In order to participate in the interactive exercises attendees must provide a laptop with PyStan 2.17 (https://pystan.readthedocs.io/en/latest/) installed. Note that installation on Windows machines is highly nontrivial so Windows users are encouraged to try to install as soon as possible and report any issues at http://discourse.mc-stan.org.

REGISTER HERE

Intro to Microsoft Azure Machine Learning Services

Intro to Microsoft Azure Machine Learning Services
Presented by Heather Shapiro, Azure Machine Learning
Wednesday, January 17, 2018
3:00 PM - 6:00 PM

The Azure Machine Learning Workbench is an integrated, end-to-end data science and advanced analytics solution that helps professional data scientists to prepare data, develop experiments, and deploy models at cloud scale.
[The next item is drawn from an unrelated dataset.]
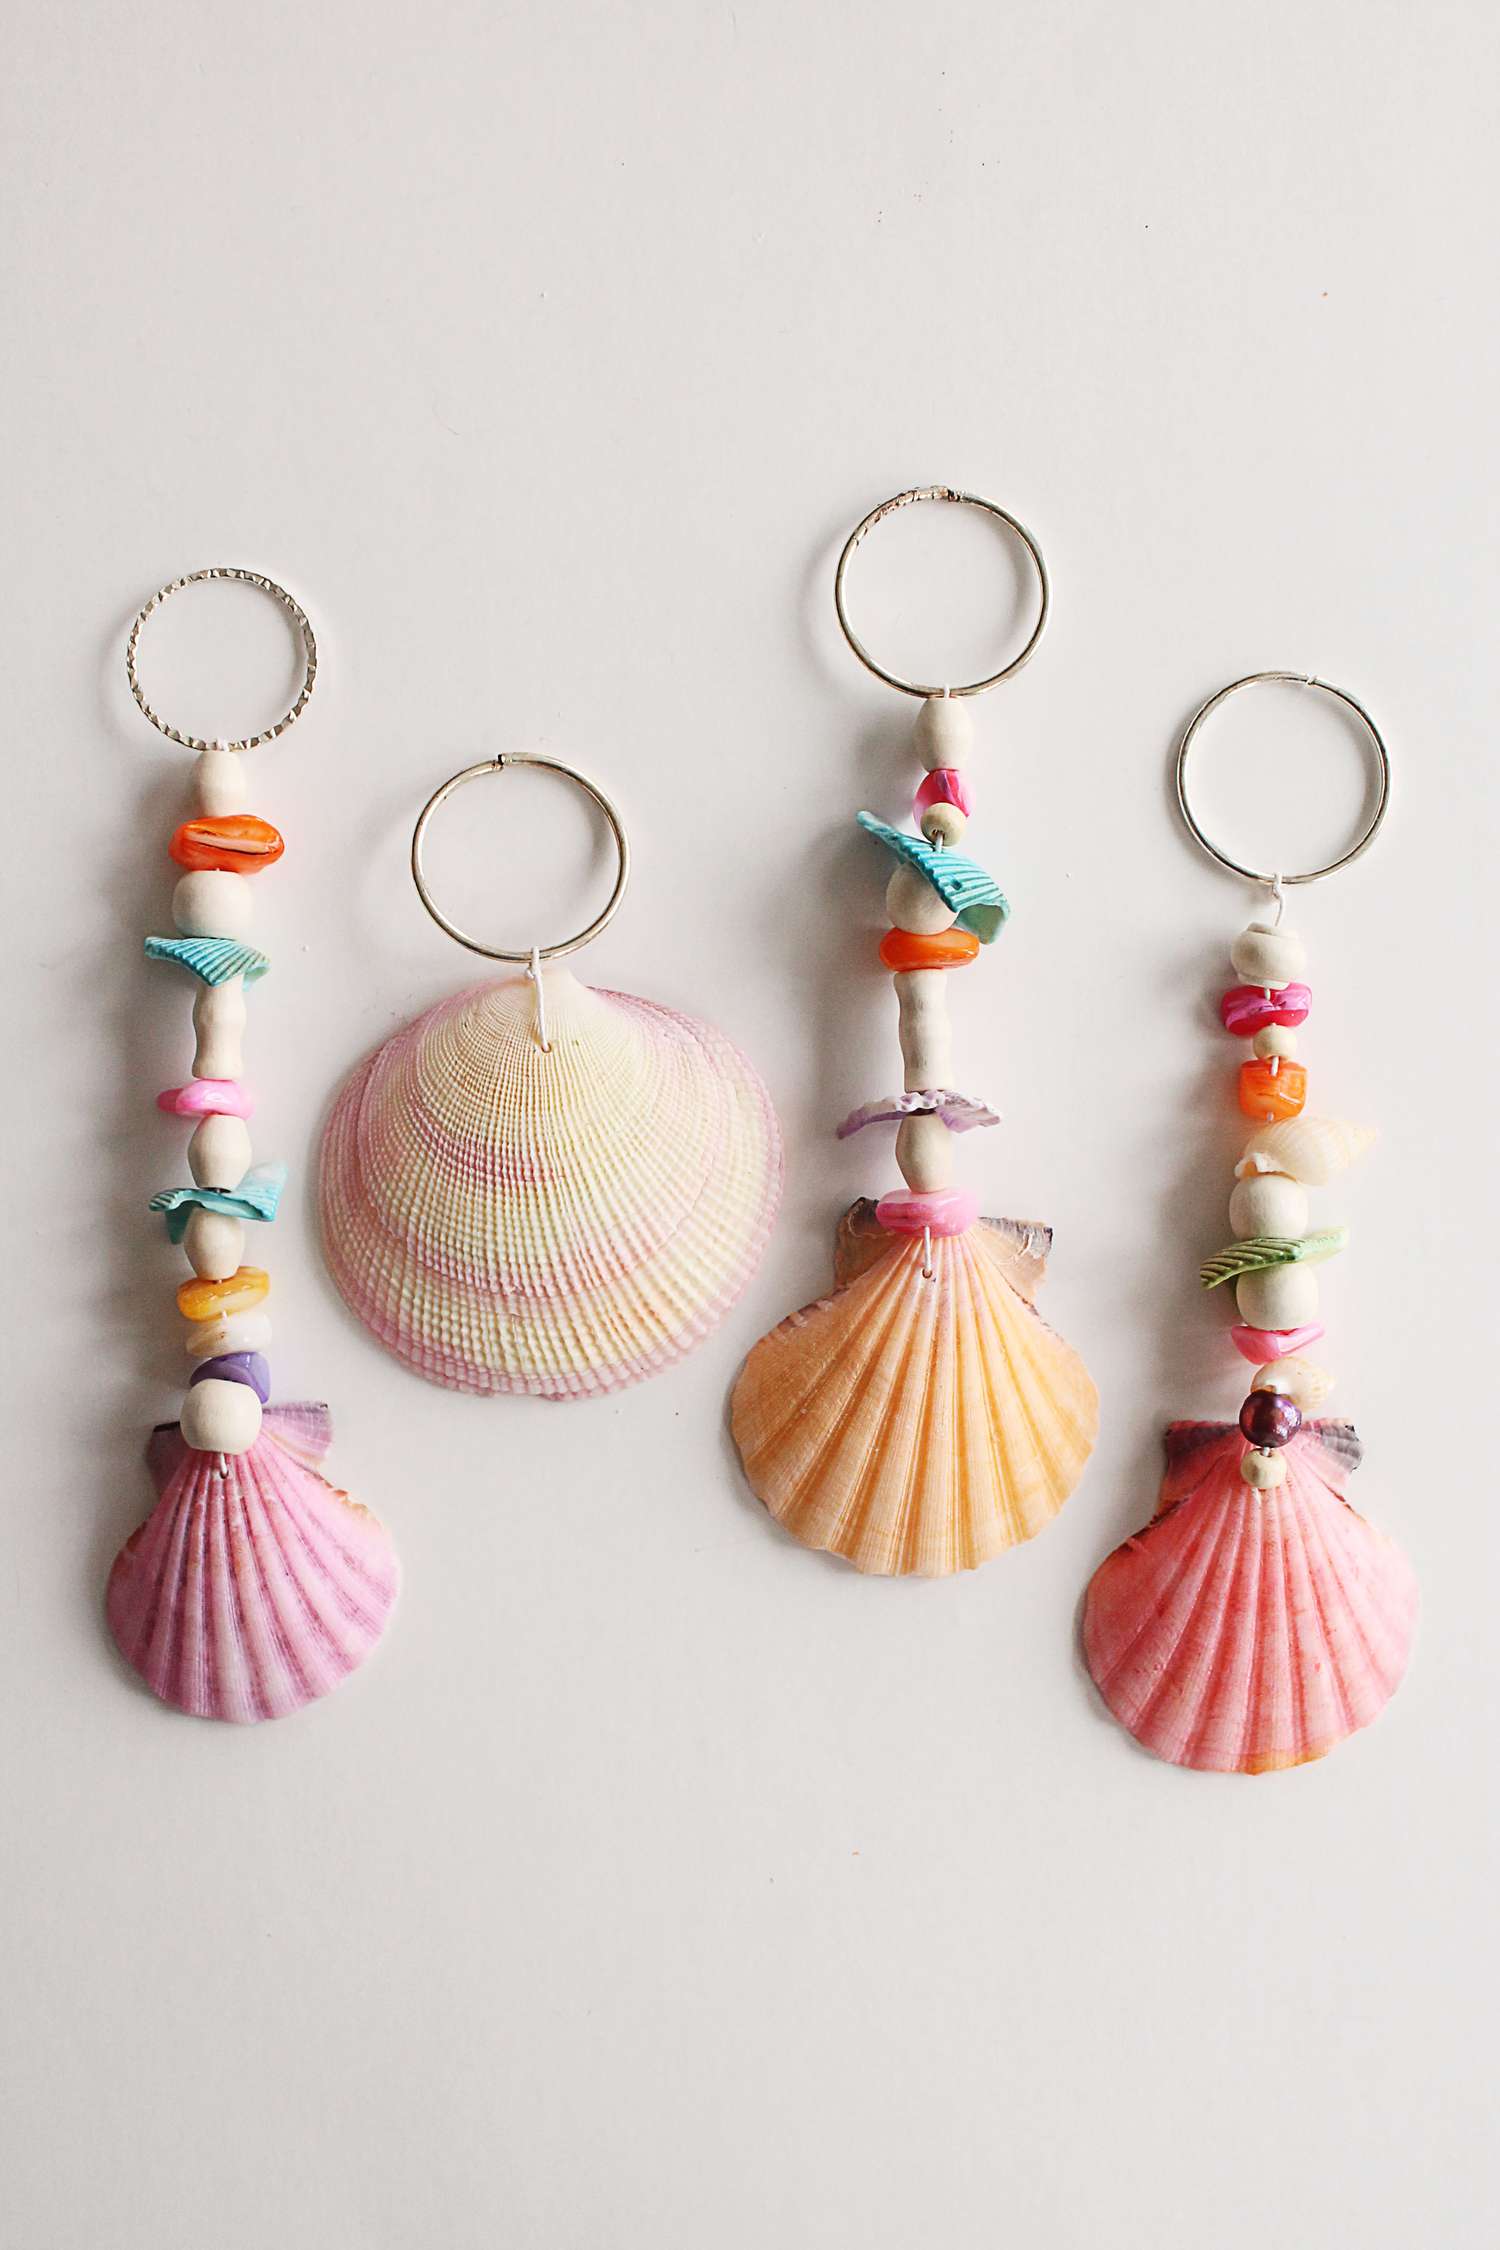 35 Seashell Crafts So Your Summer Memories Will Last a Lifetime

The Machine Learning Workbench includes cutting edge AI frameworks from both Microsoft and the open source community.

In this session, we will walk through the basics of the Machine Learning services (preview) and use the Machine Learning Workbench for preparing, building, and deploying a Machine Learning model.

Pre-requisites:

  • If you don't have an Azure subscription, please create a free account before the workshop.
  • Download the latest Azure Machine Learning Workbench installer (Windows)(Mac)


NOTE: Currently, you can install the Azure Machine Learning Workbench desktop app on the following operating systems:

  • Windows 10
  • Windows Server 2016
  • macOS Sierra
  • macOS High Sierra

REGISTER HERE

 

 

Intro to Automatic Machine Learning with H20

Intro to Automatic Machine Learning with H2O
H20 Workshop for Python Users
Presented by: Lauren DiPerna, H2O
Thursday, Jan 18, 2018
8:30 AM - 11:30 AM

H2O is an open-source machine-learning platform designed to build accurate models on distributed datasets at impressive speeds. This means you can use H2O to tackle terabytes of data in an ecosystem like Hadoop or Spark, but it doesn't mean you have to; you can also use H2O to build fast and accurate models on your laptop. The platform includes multiple APIs including Python, R, and Scala, and a web-based UI called Flow - so the learning curve is easy for new users. In this session we will focus on the Python API and show you how to use Flow in parallel, to view your data and monitor your models in the UI.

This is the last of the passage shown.